Movie Review: The Blair Witch Project


Directors: Daniel Myrick, Eduardo Sánchez

Writers: Daniel Myrick, Eduardo Sánchez

Stars: Heather Donahue, Michael C. Williams, Joshua Leonard

Verdict: Good enough

To celebrate the release of the new Wingard and Barrett, (You’re Next, The Guest), movie Blair Witch, we talk about the movie that spawned the franchise, 1999’s The Blair Witch Project.

The Blair Witch Project is a suspense horror film written and directed by Daniel Myrick, and Eduardo Sanchez, who have both since gone onto respectable B movie careers, and stars Heather Donahue, Micheal C. Williams, and Joshua Leonard, who has since gone on to a respectable acting career in projects like If I Stay and Bates Motel. The movie follows these three debut documentarians as they travel to the town formally known as Blair to investigate the mythology of the mysterious Blair Witch. 

My relationship with this movie is kind of interesting because I grew up acting in my friend’s home made found footage movies but he would always tell me how shit he thought The Blair Witch Project was, how ‘not scary’ he thought it was. Since then I’ve been the one to go on to study film, so well, who’s laughing know eh? (Sorry friend I love you really). I found it interesting he didn’t like The Blair Witch Project as it popularised the genre in which he worked. In the same way that Hitchcock made the first slasher film with Psycho before John Carpenter popularised the genre with Halloween, Cannibal Holocaust may be the fist found footage movie, but this is the film that made it a force to be reckoned with. Since then I’ve had my own chance to fall in love with cinema and the visceral powers of horror movies, which this film has in spades. 

The Blair Witch Project is a really really powerfully unnerving movie, maybe not scary, but chilling, which is if anything just as good.
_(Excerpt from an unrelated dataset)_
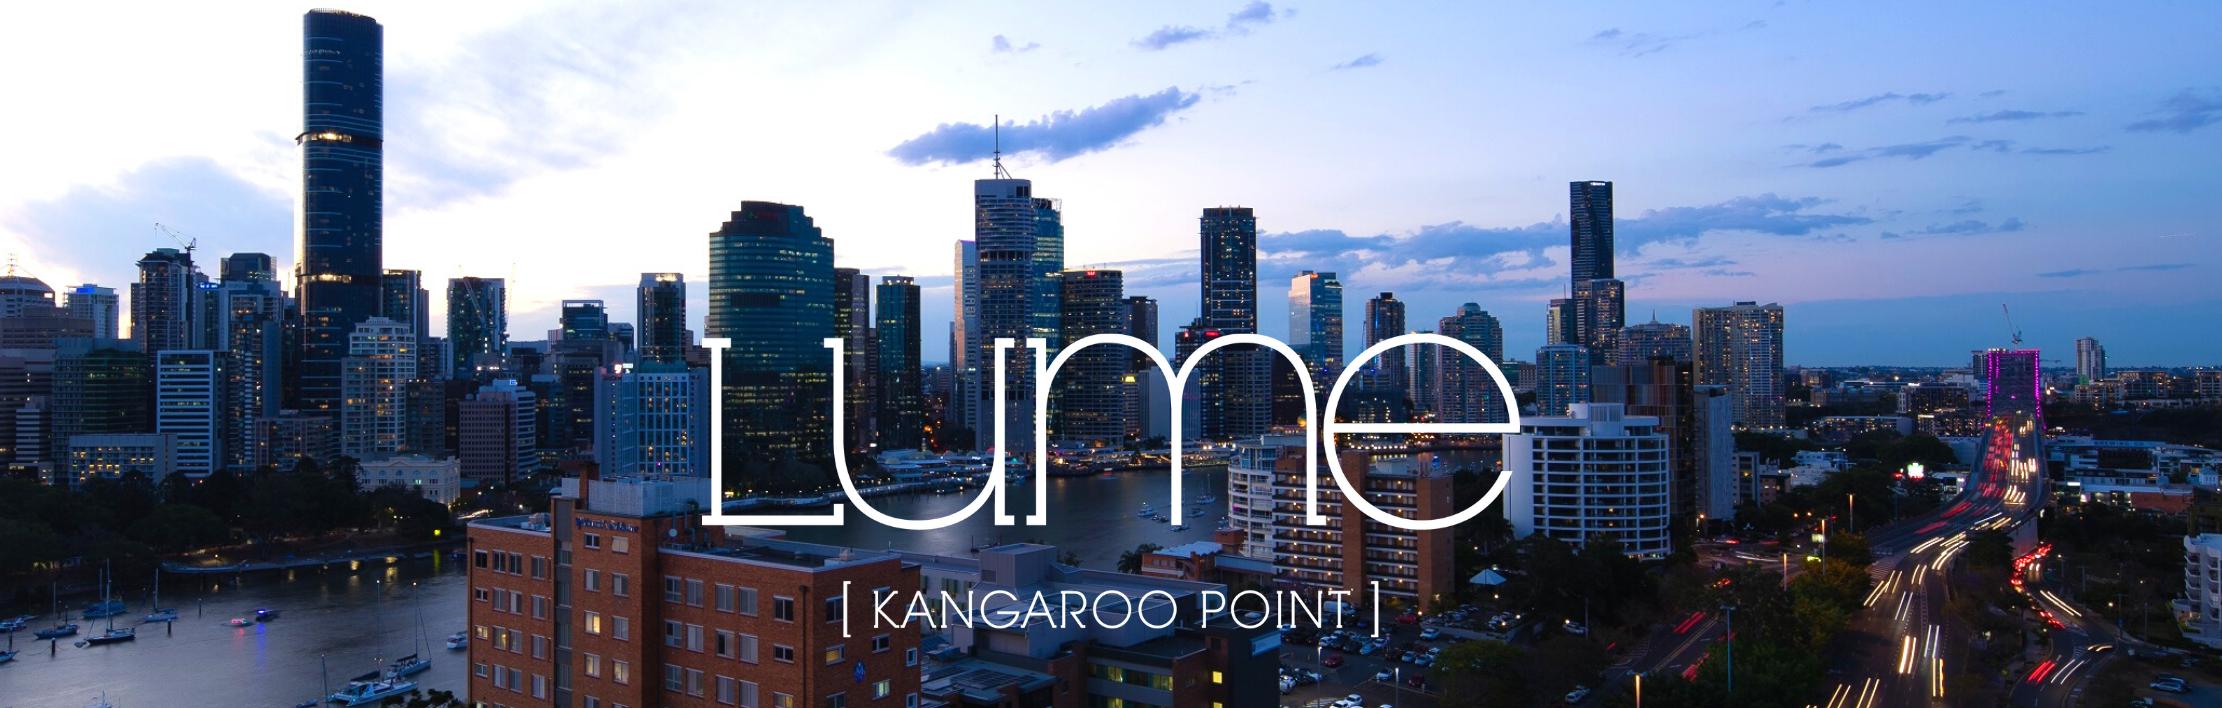 LUME, Kangaroo Point

What has been said endlessly about the movie is how the power of this film comes from how real it is, how the directors left the cast out in the woods to film what the directors threw at them in the woods, (making noises at night, leaving the stick figures in the woods). What I find fascinating about the movie is not necessarily how real the style feels, the fact it’s filmed on crappy cameras, or that the scares come from a pile of rocks; but the reality in the emotional reactions. What I find really scary is the breakdown of the characters, the points where they sit on logs crying. The gradual breakdown of the characters is really well done, and it feels so visceral, maybe not scary, but unnerving, and that’s still fine. It remains the high water mark of found footage horror movies, because modern horror movies will film on a high quality film camera and ‘dirty down’ the footage to look like a handheld camera, and you can tell if you were to compare them to The Blair Witch Project which was actually shot on these low-fi cameras. The film makers also use suggestion as a method of scares expertly, whereas lesser films would show you the witch, and gore, and essentially make it a low key supernatural slasher film, this film is elevated by how much you don’t see, the iconic scene where Heather finds teeth is the only scene in the whole movie where you see any blood, just as there’s hardly any blood in The Texas Chain Saw Massacre but it’s the oppressive atmosphere that gets you, the documentary style of film making. Myrick and Sanchez had about 18 hours of footage to make a film from so they had the ability to make it exactly how they wanted, and the atmosphere is expertly put together. 

That’s really the selling point of this movie, it has killer atmosphere, created through induced naturalistic acting, guerrilla film making and a low fi aestetic. The sound design also deserves a mention, it may well have been accidental due to the manner in which the film was made, but it has this Eraserhead thing going on where you can hear the world in the background rumbling and infesting your ears, and it’s so subtle because you can’t tell if you actually heard the things our trio heard, which helps to reinforce the sense that they’re just loosing it. So the film has this killer atmosphere, this great sound design and it all goes towards some fantastic world building and you’re there in this world, but it’s not scary. It’s really good at being unnerving, and even disturbing in places, but I wouldn’t say it’s scary, but what it is, is a very engaging character drama of a horror film that will stay with you, and it’s a whole load of fun.